Story points to the drop in oil prices, from around US $55 a barrel in spring to around US $45 a barrel in July, as dulling investors’ appetites. “What we’ve heard from the investment bankers and from management and private equity funds is that the support for energy investments is not quite there yet.”

That doesn’t mean companies in the oil patch have abandoned plans for IPOs; rather, they’ve iced them for the time being. “There are still a number of companies considering it,” Story says. In the meantime, market sentiment appears to be more bullish on oilfield service companies, which provide energy companies with services but do not produce on their own, than on explorers and producers themselves.

Calgary-based Source Energy Services, which produces the sand used in hydraulic fracturing, raised $175-million and started trading in mid-April in what was the first large initial public offering by a Canadian firm in the energy sector since 2014. STEP Energy Services Ltd., also headquartered in Calgary, raised $100 million, about half what it hoped for, and started trading on May 2.

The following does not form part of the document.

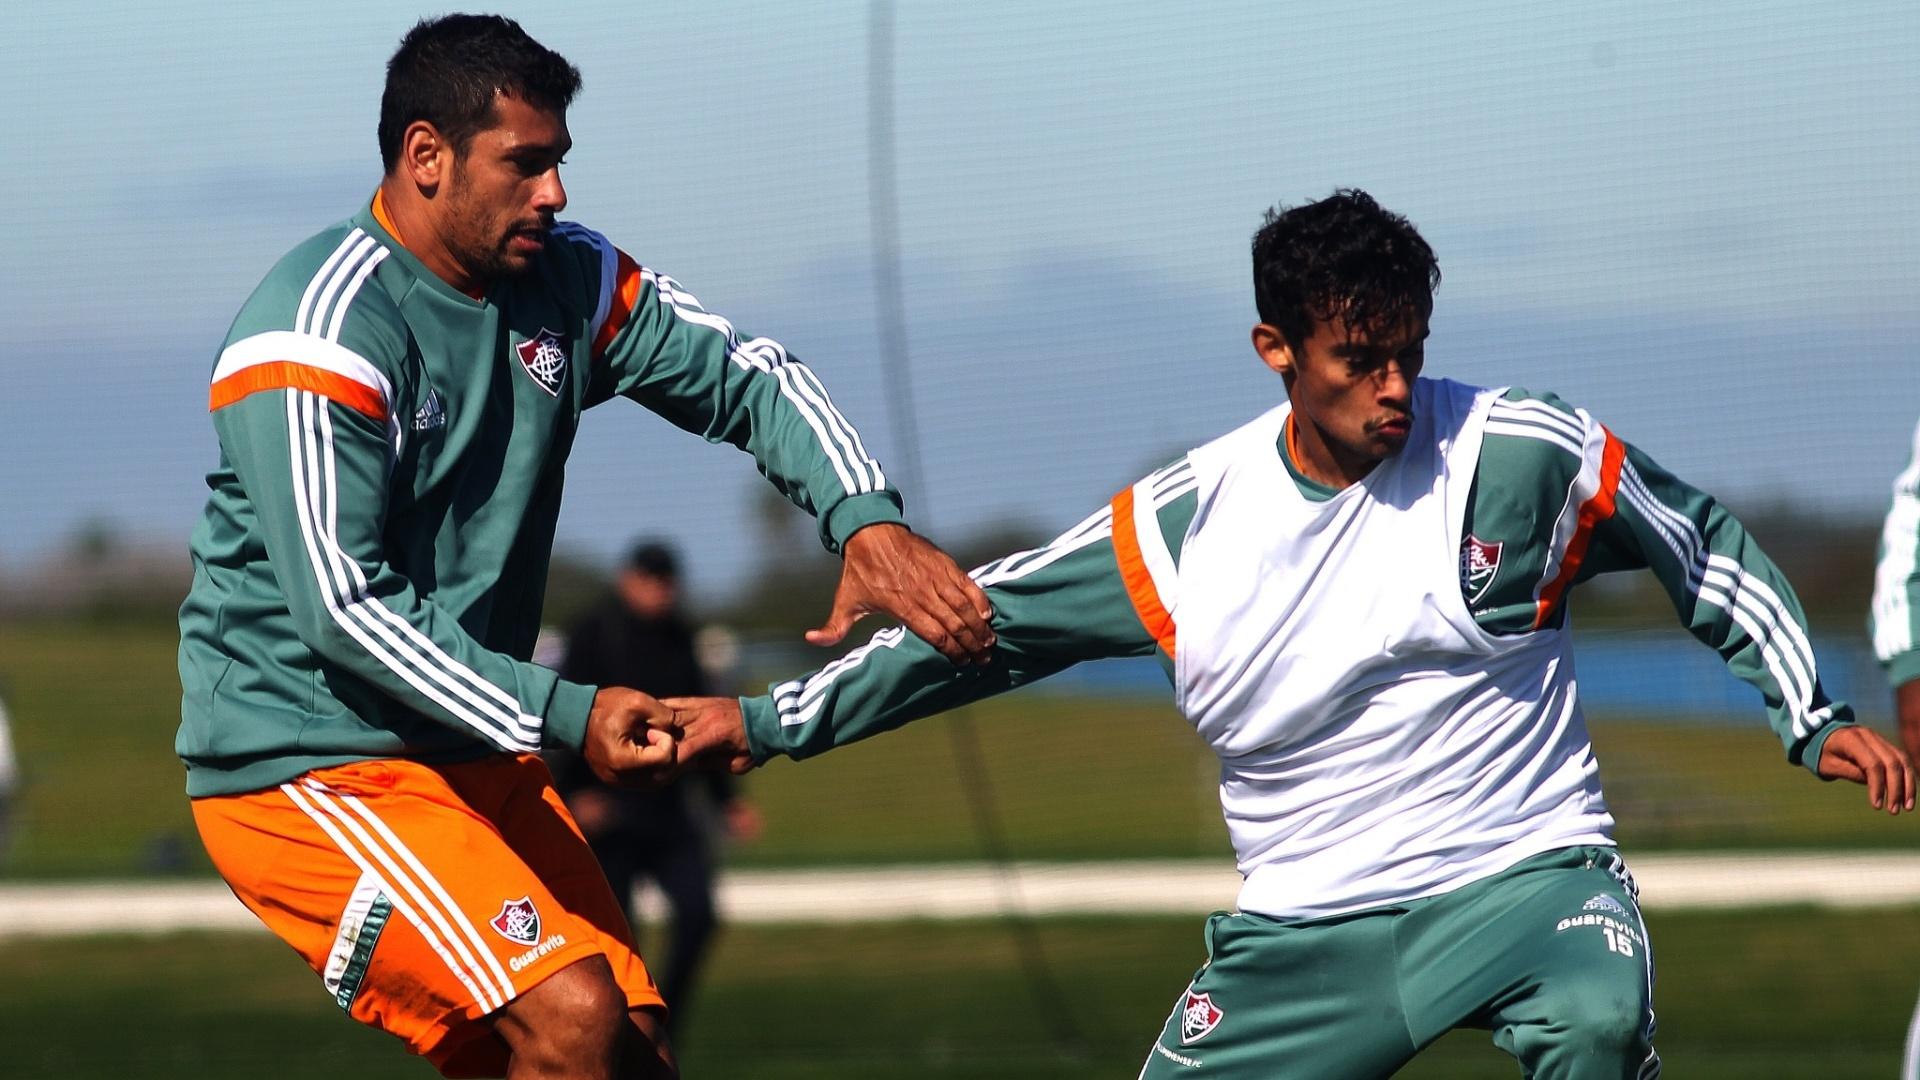 Diego Souza faz marcação apertada em Gustavo Scarpa em treino do Flu

Story believes that once there’s more stability or even a rise in oil and gas prices, “we expect some explorers and produces to advance their plans.” They’ll likely take advantage of year-end results and reserve reports before going public, he says, which means pure energy-company IPOs may start showing up in the first half of 2018.

IPOs surge over last year

Almost anything would look good compared to 2016’s crop of IPOs. Last year there were fewer IPOs made than in 2008, at the height of the financial crisis, marking a 19-year low in IPO volume.

Capital markets were spooked by global market volatility, low oil prices, uncertainty surrounding the U.S. election and the Brexit vote, among other things, says Rima Ramchandani, co-head of the Capital Markets Practice at Torys LLP in Toronto. There was not a single initial public offering on the TSX in the first quarter of 2016.

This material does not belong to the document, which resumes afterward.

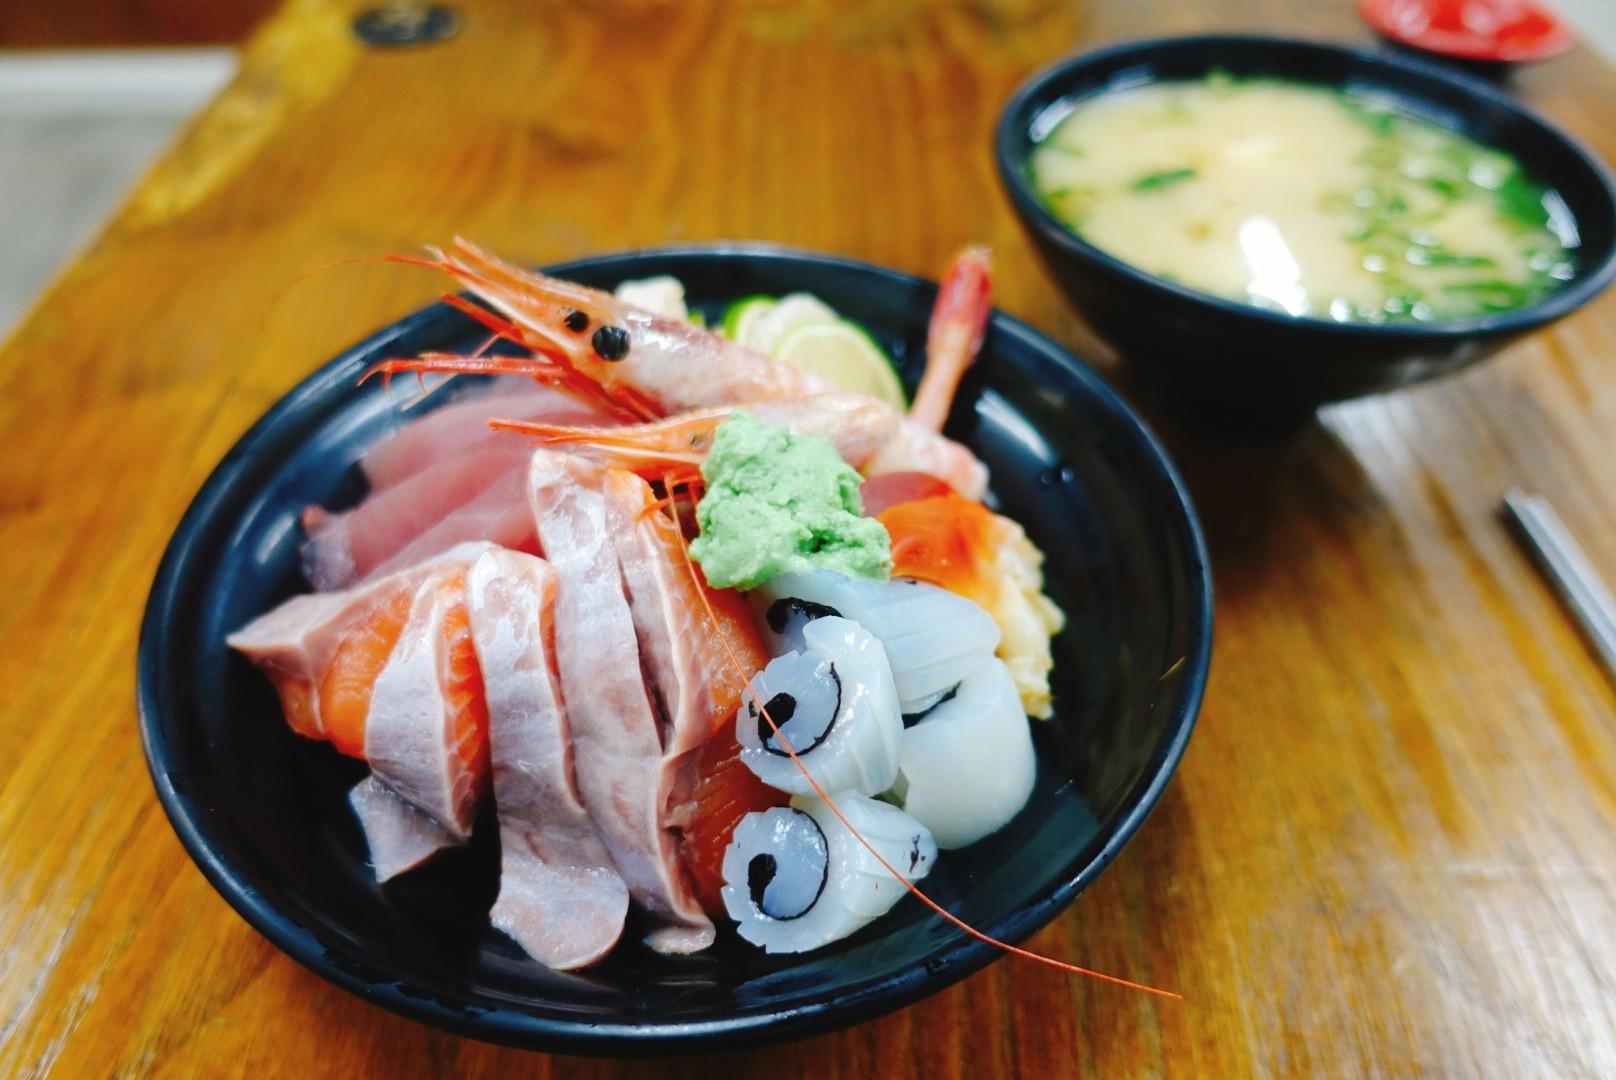 【花蓮市區】阿九壽司|超佛心的價格就能吃到美味又具份量的握壽司與丼飯

In contrast, 2017 got off to a roaring start with restaurant chain Freshii Inc. raising $124 million through an IPO in January. Fairfax Financial Holdings Ltd. floated its initial public offering of Fairfax Africa Holdings Corp. on the TSX in February, raising about $500 million. Canada Goose Holdings Inc. went public on the NYSE and TSX in March, raising about $340 million through its first public offering.

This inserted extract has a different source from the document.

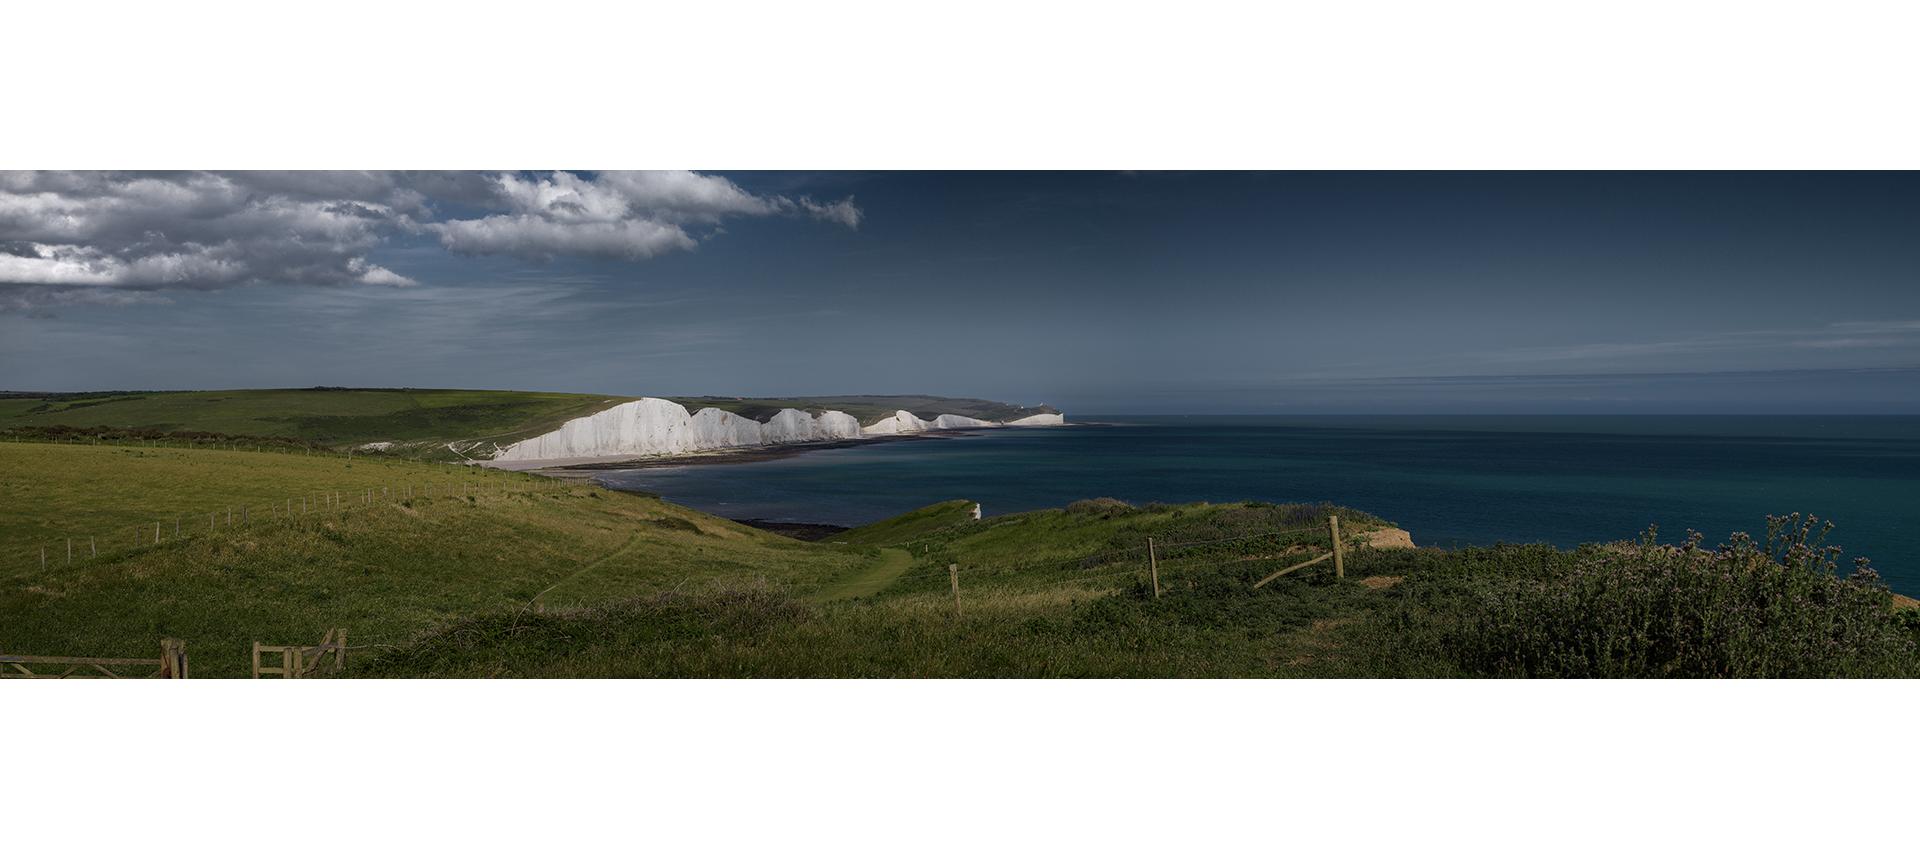 Panoramique falaises calcaires sud de l'Angleterre

Ramchandani says the success of those big-name IPOs early in the year “had a big impact. There have been a lot of good companies waiting to go public, watching the market, waiting for the right time.

“There was such a dearth of IPOs for a while that it took one successful company to start to reinvigorate people’s faith. You get a couple of those brand-recognized high-quality IPOs people feel have done very well and, on the heels of that, bankers start to feel more confident in their ability to sell some of these issues, that there’s more investor appetite. So you start to see this succession of deals happening.”

Ramchandani says the IPOs seem to be spread across many sectors, with energy and perhaps technology not quite as strong as some people had hoped. “When I talk to the investment bankers looking at pre-IPO candidates, a lot are keeping their eye on the tech space. A lot of those companies still aren’t large enough to access the IPO markets yet,” she says, “but I think ultimately the long-term goal is eventually . . . going public.”

The big winners in the current IPO boom? Those would be the investors, she says, who will have more choice of companies they believe can deliver good returns. “But it’s also good for the investment bankers, the lawyers, and the TSX, too. I think there’s enough good news here to spread around.”